* WHAT YOU HAVE TO DO
Could you output each line below precisely as it stands, without the images?

* SOURCE DATA
================================

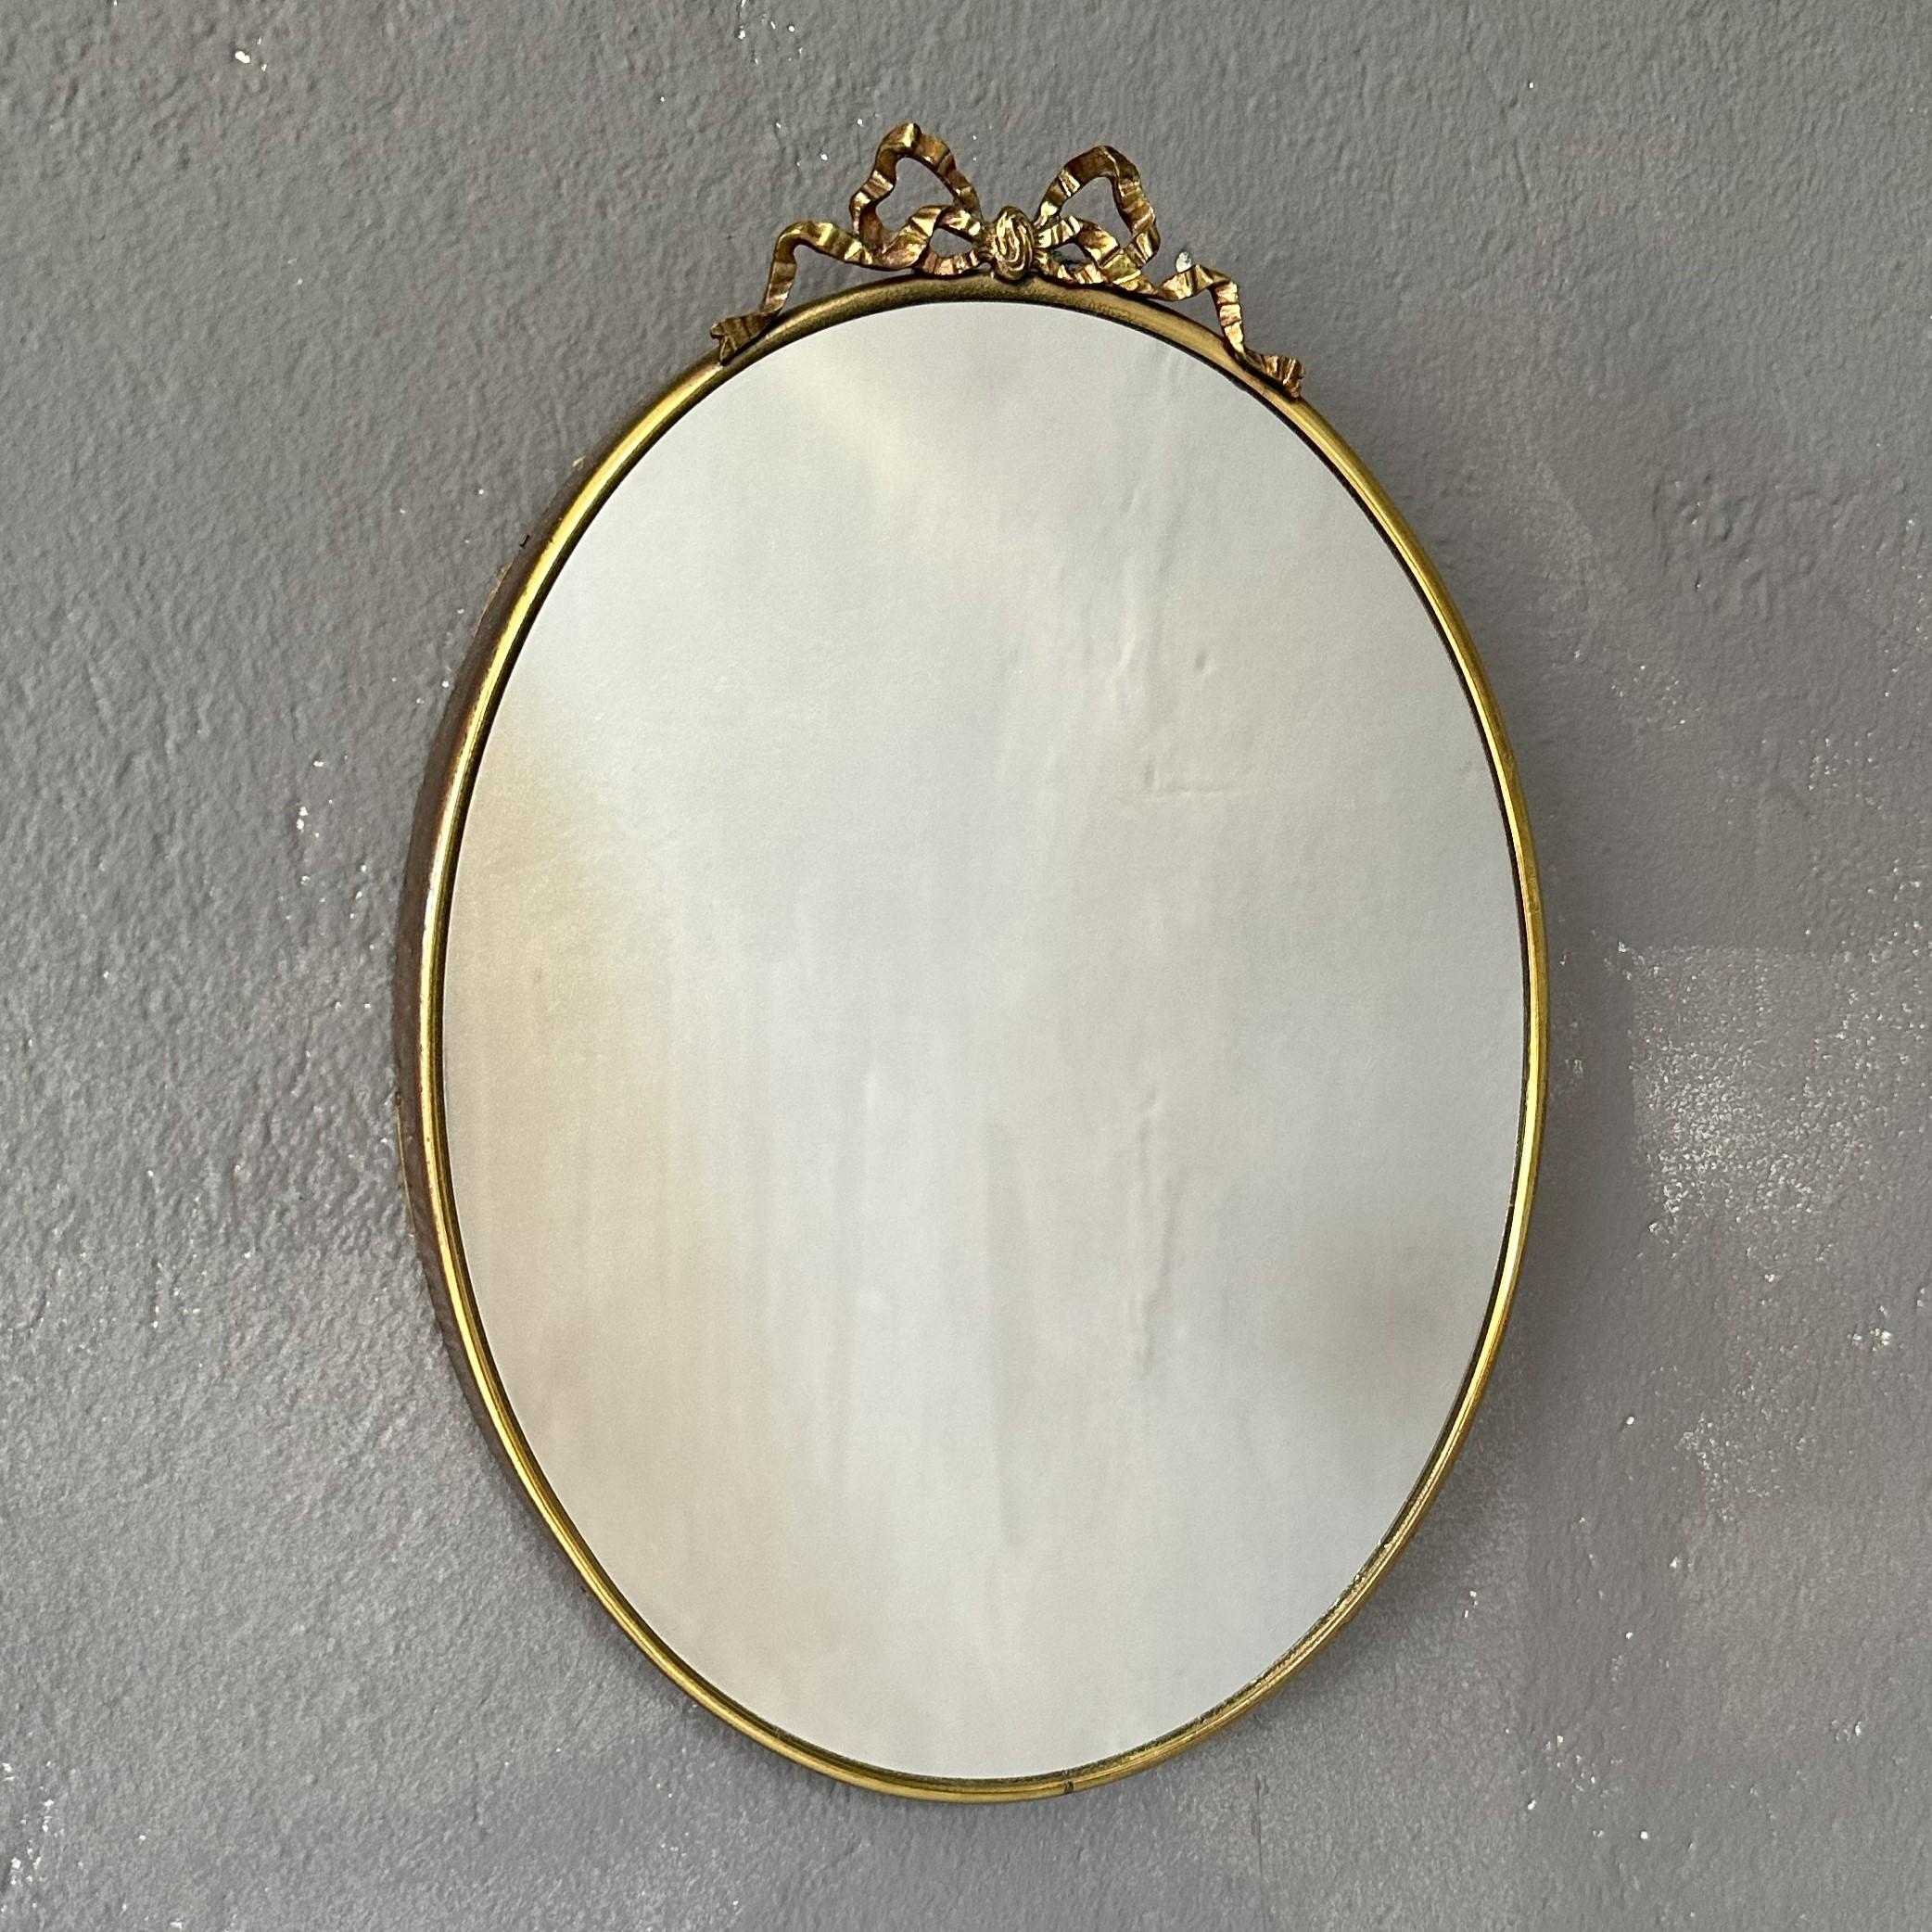 Miroir ovale des années 1950, de fabrication italienne, avec cadre en laiton.
Le miroir a une largeur maximale de 24 cm et une hauteur de 30 cm.
La partie supérieure du cadre est ornée d'une décoration en laiton (avec cette décoration, la hauteur

================================

* WRITTEN ANSWER
 Miroir ovale des années 1950, de fabrication italienne, avec cadre en laiton.
Le miroir a une largeur maximale de 24 cm et une hauteur de 30 cm.
La partie supérieure du cadre est ornée d'une décoration en laiton (avec cette décoration, la hauteur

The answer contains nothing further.